Eurobites: France Flags 5G Auction Delay | Light Reading

Eurobites: France Flags 5G Auction Delay | Light Reading

Paul Rainford


Also in today’s EMEA regional roundup: BT disconnects Prince Andrew; Orange gets more network visibility with ThousandEyes; EE brings 5G to 14 more towns and cities.

  • France is likely to delay its 5G spectrum auction until at least March 2020 because of uncertainty over which networks are to be used, according to the head of FFT, the French telecom federation. As Reuters reports, the FFT’s Arthur Dreyfuss added that the banning of China’s Huawei could delay the auction even further. The auction was originally scheduled for December 2019.
  • BT, the UK’s incumbent carrier, has become the latest corporate heavyweight to reverse at speed away from any connections to Prince Andrew, the Brit royal family member who, by common consent, made a royal ass of himself in a recent TV interview in which he tried to explain and defend his association with the late, disgraced financier and sex offender, Jeffrey Epstein. As the Guardian reports, BT announced it was reviewing its links to iDEA, an organization linked to the Prince’s “[email protected]” entrepreneurial scheme. Earlier in the week, consultancy KPMG revealed that it would not be renewing its sponsorship of the scheme.
  • Orange has teamed up with US-based ThousandEyes to beef up the analytics element of its SD-WAN and related cloud services. The hope is that the combination will give businesses the ability to monitor and manage their customers’ digital experience over the public Internet like it is their own private network.
  • EE, the UK mobile operator owned by BT, has switched on 5G in 14 more towns and cities, including Liverpool and Glasgow. The company is also citing the latest figures from RootMetrics, a market-research firm owned by IHS Markit (itself a subsidiary of Light Reading parent company Informa), which show that in London, Birmingham and Cardiff, EE’s 5G network achieved the highest average download speed and 5G availability.
  • UK-based Colt Technology Services has put its business Internet offering, IP Access, on its SDN-enabled On Demand platform.
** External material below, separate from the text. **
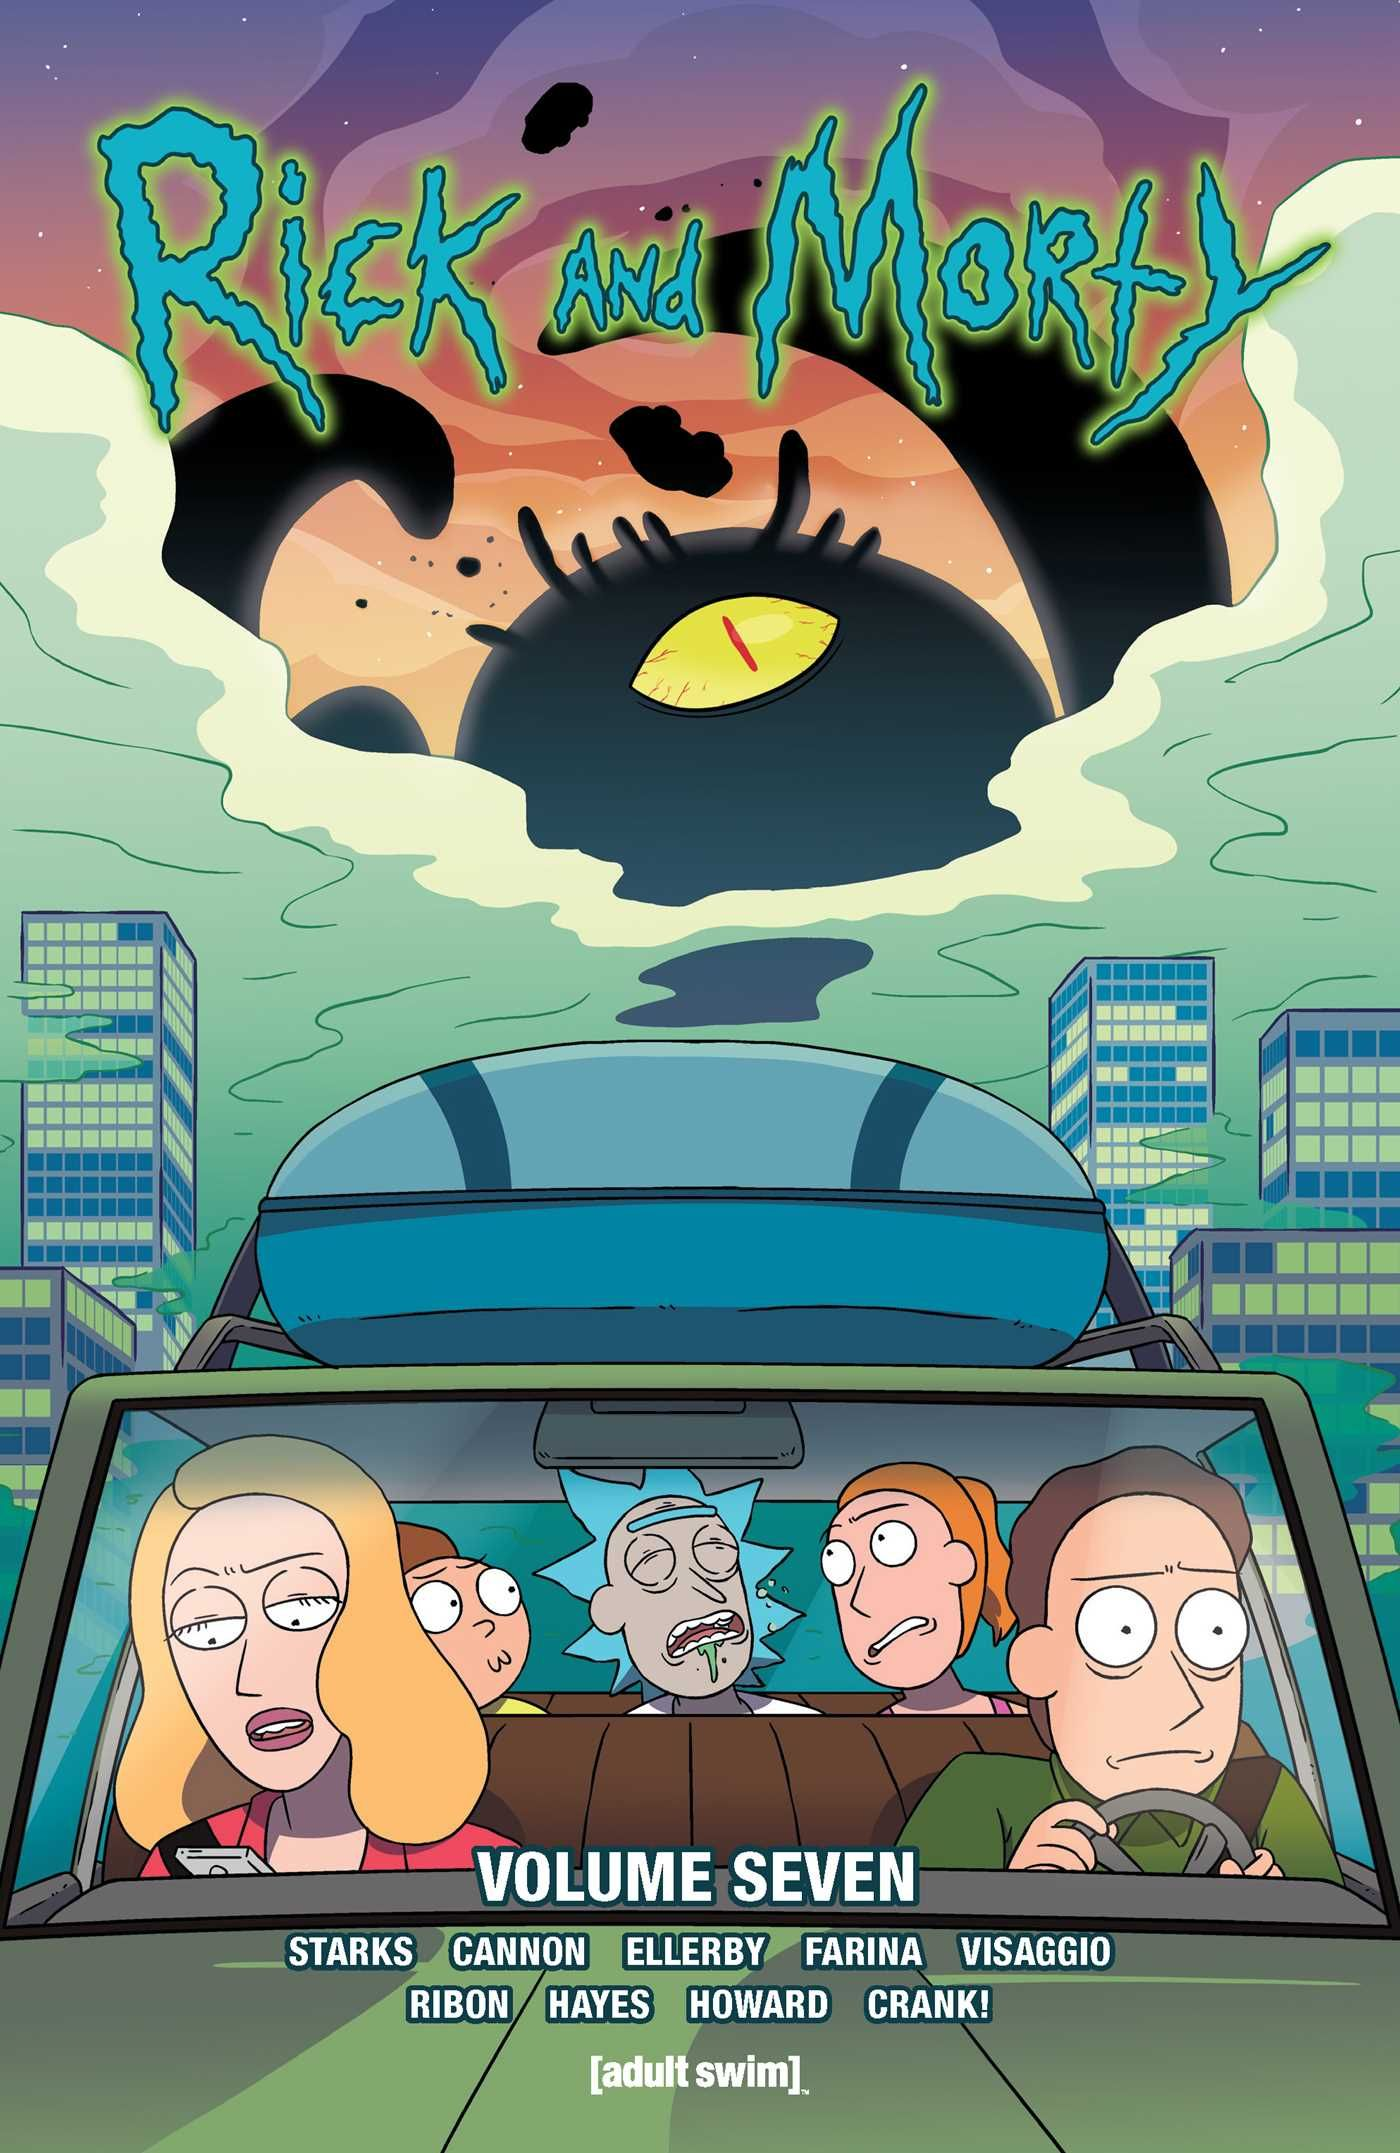 Rick And Morty Comics Volume 7 Comics Rickandmorty Vol7 Ad S

Colt’s IP Access is supported by the company’s IQ Network, which comprises more than 900 data centers and 27,500 on-net buildings globally.
  • Barcelona’s city council has signed a letter-of-intent agreement with Huawei which could see the two organizations collaborating on various technological projects related to the city, including 5G, smart-city applications and digital transformation. Barcelona is home to hundreds of technology companies and, of course, the lanyard hell that is Mobile World Congress.
  • The European Telecommunications Network Operators’ Association (ETNO) has been expressing more disgruntlement, this time in relation to draft e-Privacy rules being considered by the European Union member states. ETNO bemoans, among other things, what it sees as the lack of a level playing field for all “digital players” and the “asymmetric regulatory approach” to the use of GPS-derived location data, which is subject to GDPR rules, and mobile-derived location data, which is subject to e-Privacy rules, the latter “affecting the telecoms sector’s ability to innovate and compete with providers of apps and mobile operating systems.” The organization has teamed up with the GSMA and Cable Europe to express its displeasure.
  • The Financial Times has been collating more industry reaction (paywall applies) to the UK Labour Party’s visionary/crackpot (delete according to taste) plan to nationalize parts of BT and offer free full-fiber broadband to every home and business in the country. The boss of one relative broadband minnow, Zen Internet, tells the newspaper that he had to tell staff not to panic, reassuring them that “we’ll survive,” while the head of another, Voneus, said that his company’s internal WhatsApp groups “caught fire,” with worried workers wondering if they should be dusting down their resumes. (See Labour Lobs Broadband Bomb Into UK Telecoms Market and Labour’s UK Broadband Plan Would Make Lenin Proud.)
  • Russian mobile operator MTS saw third-quarter operating income before depreciation and amortization (OIBDA) rise 5.9% year-on-year to 62.8 billion rubles (US$981 million), on revenue that was up 4.6% to RUB133.9 billion ($2.09 billion). On the strength of the quarter and the two preceding it, MTS has risen its 2019 guidance to 6-7% growth in revenue and 4-5% growth in OIBDA.